In CAM application, the pseudo-job i=9,10 is introduced. Then its standard form can be expressed as:
To solve this problem, you can use the algorithms mentioned in the previous two sections (elimination circle algorithm, simple circle method), or you can use any algorithm of linear programming (simplex method, interior point method, dual method). But for this type of allocation problem, we have a more efficient algorithm to solve it - the Hungarian Algorithm (Hungarian Algorithm)
2
Hungarian algorithm
First give the algorithm steps directly:
Let's take an example to digest this algorithm. The following table shows the cost/weight that four objects from source set I={1,2,3,4} need to pair to sink J={5,6,7,8} objects:
Initialization, first calculate the dual value of the source set:
Then compute the pooled dual solution:
Calculate the marginal cost reduction:
Then build the equal subgraph:
Entering the de-expansion, first, the root i=1 marked as "even" is assigned to the unassigned and unmarked j=5, and (1,5) is added to the solution set; then the root i=2 of "even" is assigned to is assigned to j=6, and for the root i=4 is assigned to j=7. Since 5 is assigned, the root i=3 is not assigned. Got (thick red line means allocated):
Then the tree grows, leaving only the "even" node i=3, pointing to the assigned but unmarked node j=5. Therefore, insert (3,5) and (1,5) assigned to j=5 into the tree, mark j=5 as "odd", and i=1 as "even", and get (the dotted line indicates that it is included in the tree):
Go back to step 1, but this time there is no "even" label to unassigned, unlabeled node. Therefore, go to step 2, and there is no arc satisfying the condition, go to step 3.
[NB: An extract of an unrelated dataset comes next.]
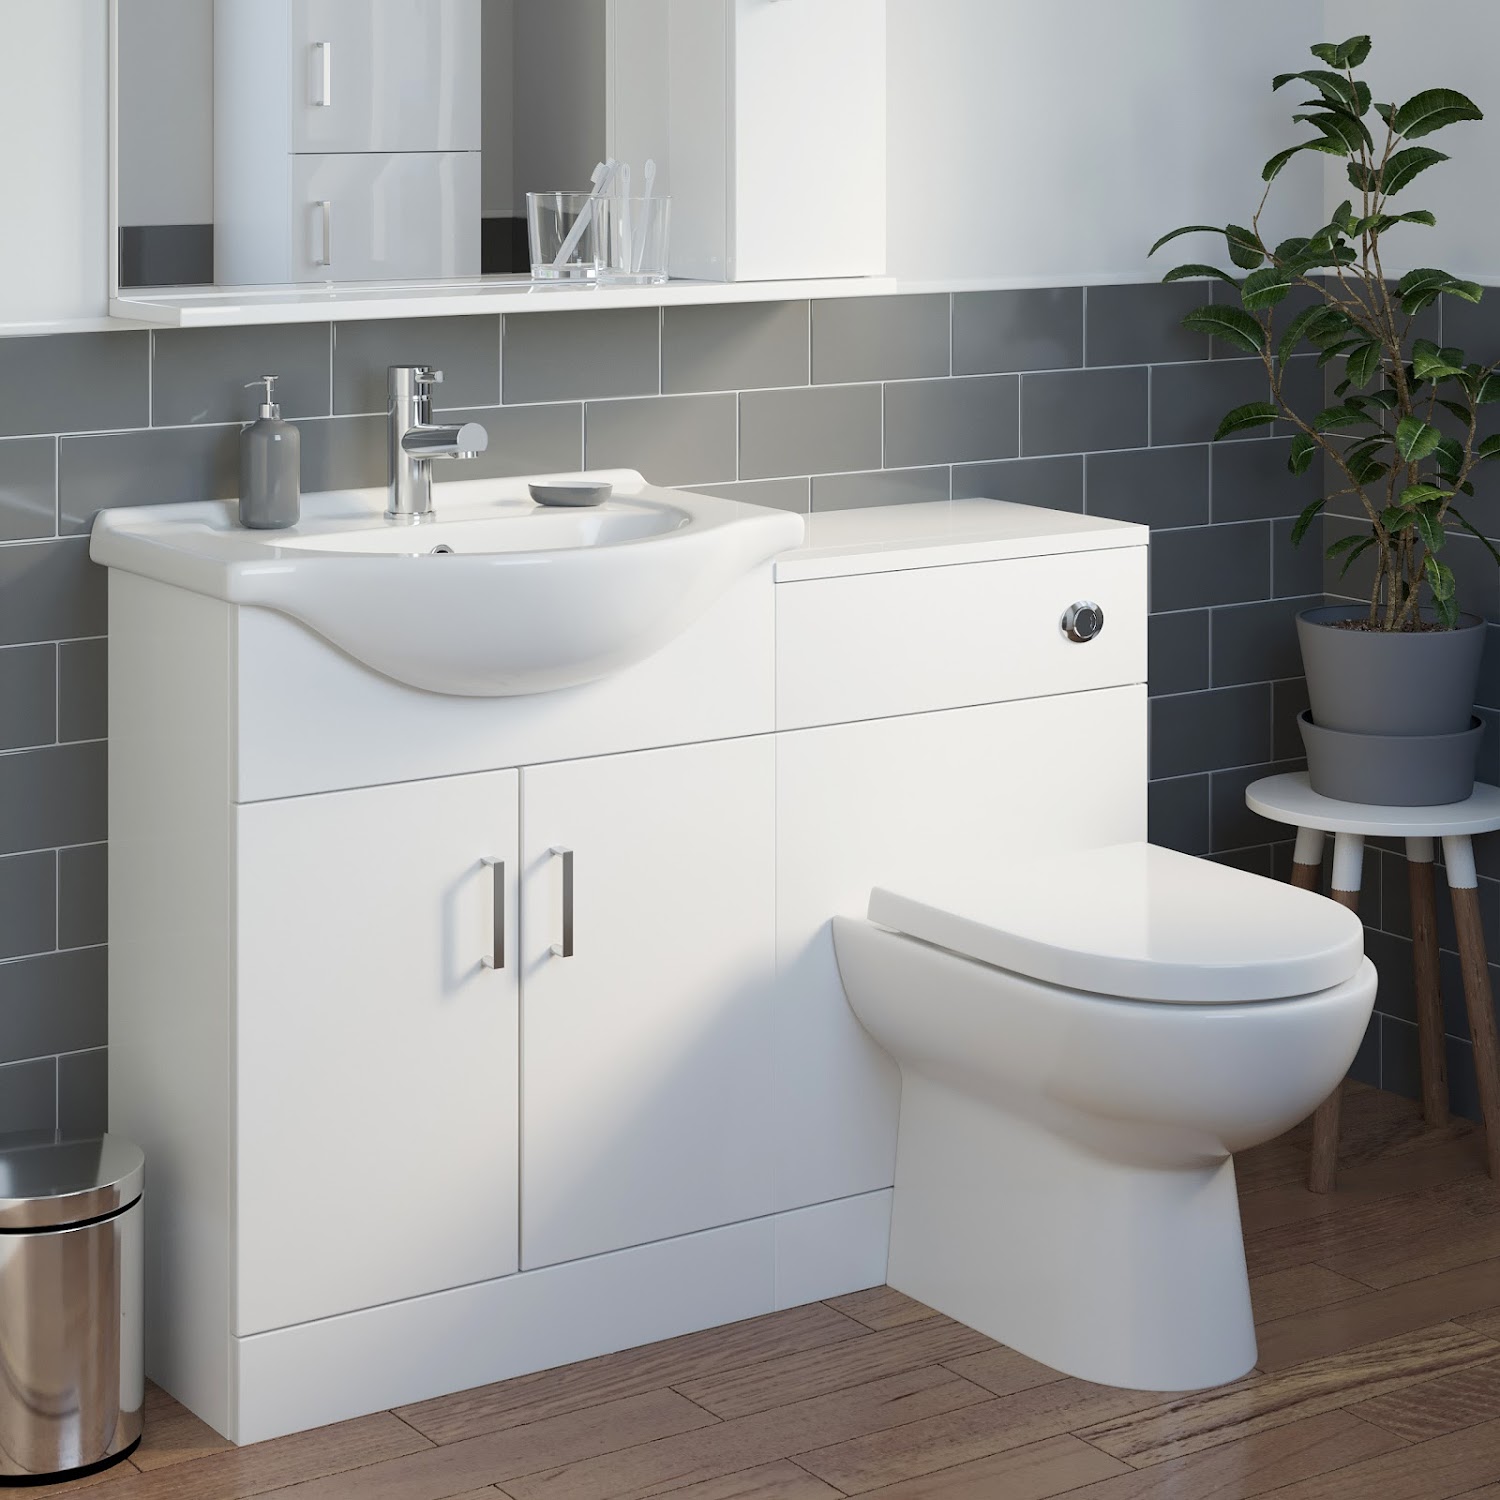 1150mm Toilet and Bathroom Vanity Unit Combined Basin Sink Furniture ...
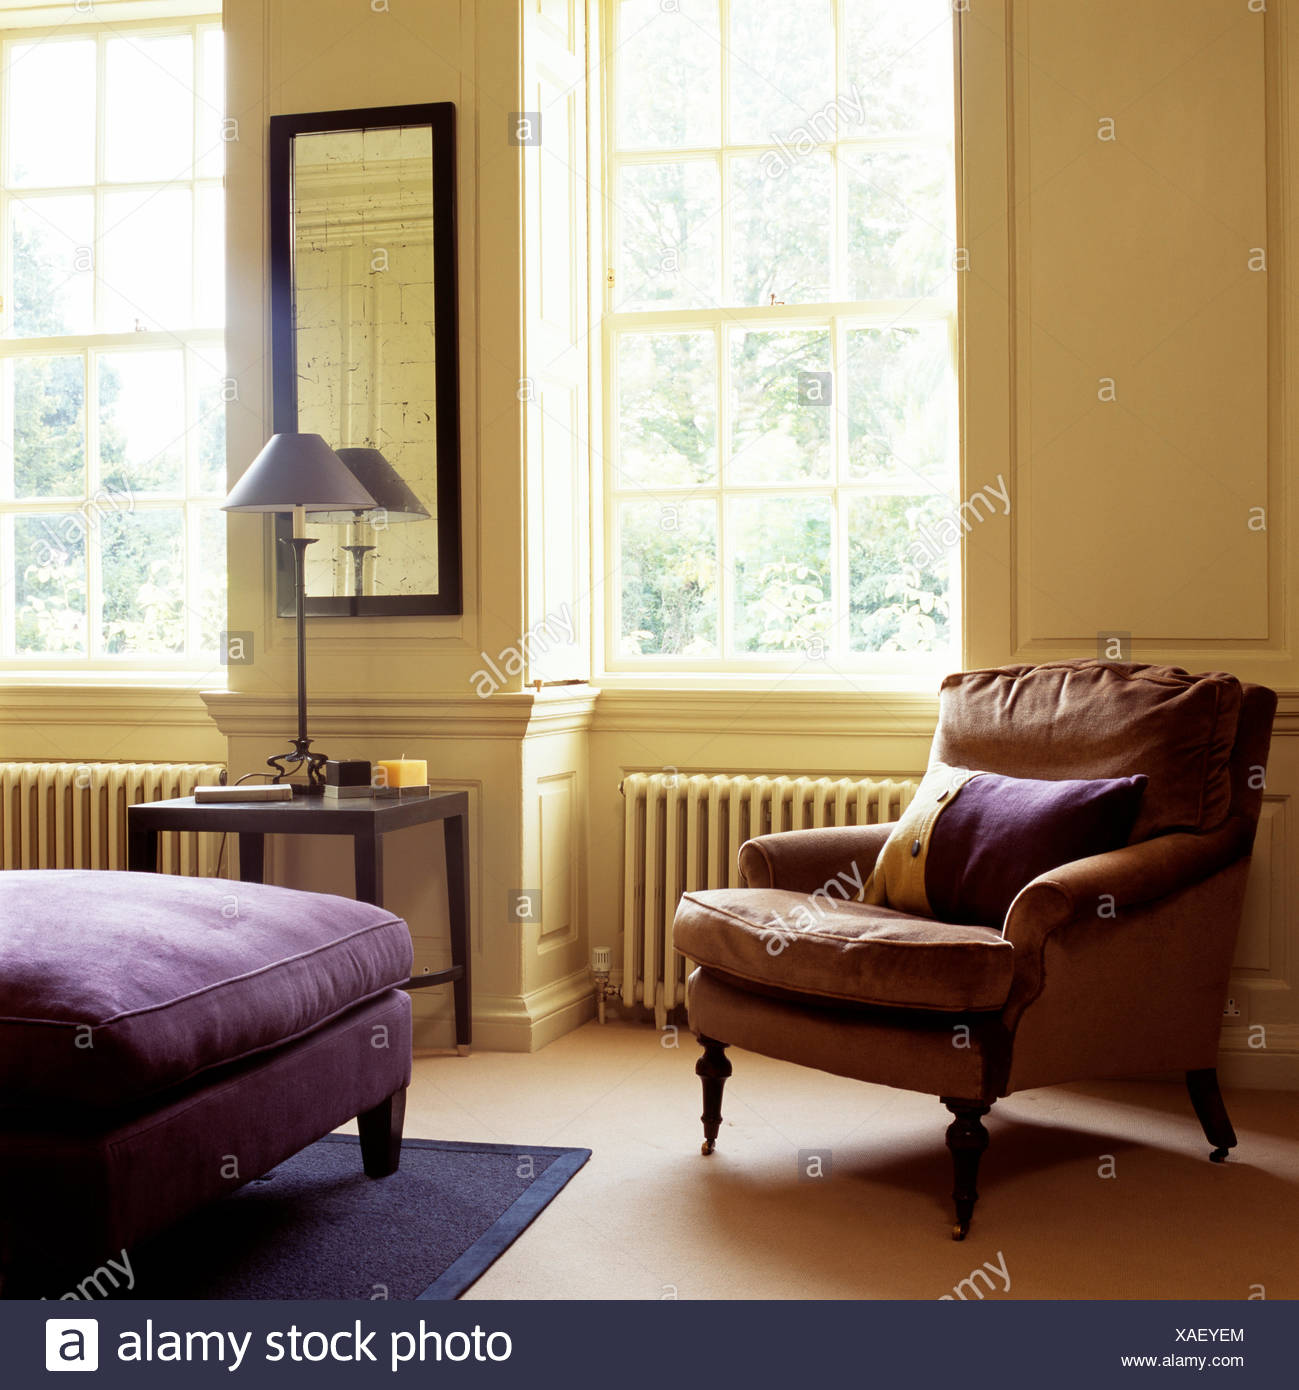 brown leather armchair in cream country bedroom with purple

A is the complete graph from source set to sink = {(1,5),(1,6),(1,7),(1,8),(2,5),(2,6),... ,(4,7),(4,8)}, by definition,
Then update the dual value and matrix:
Update equality subgraph (green is new edge):
Then return to step 1, node 5 has been marked, so it does not meet the "unmarked" condition; node 6 has been unassigned, and does not meet the "unassigned" condition; so enter step 2, (3, 6) meets the conditions, proceed Tree growth and record path (3,6), (2,6):
Then return to step 1, if the conditions are not met, go to step 2 again, record the path (2,7)(4,7), and get:
Return to step 1, (4, 8) meet the conditions, and perform solution set expansion:
So far, the iteration ends. The optimal solution has been found!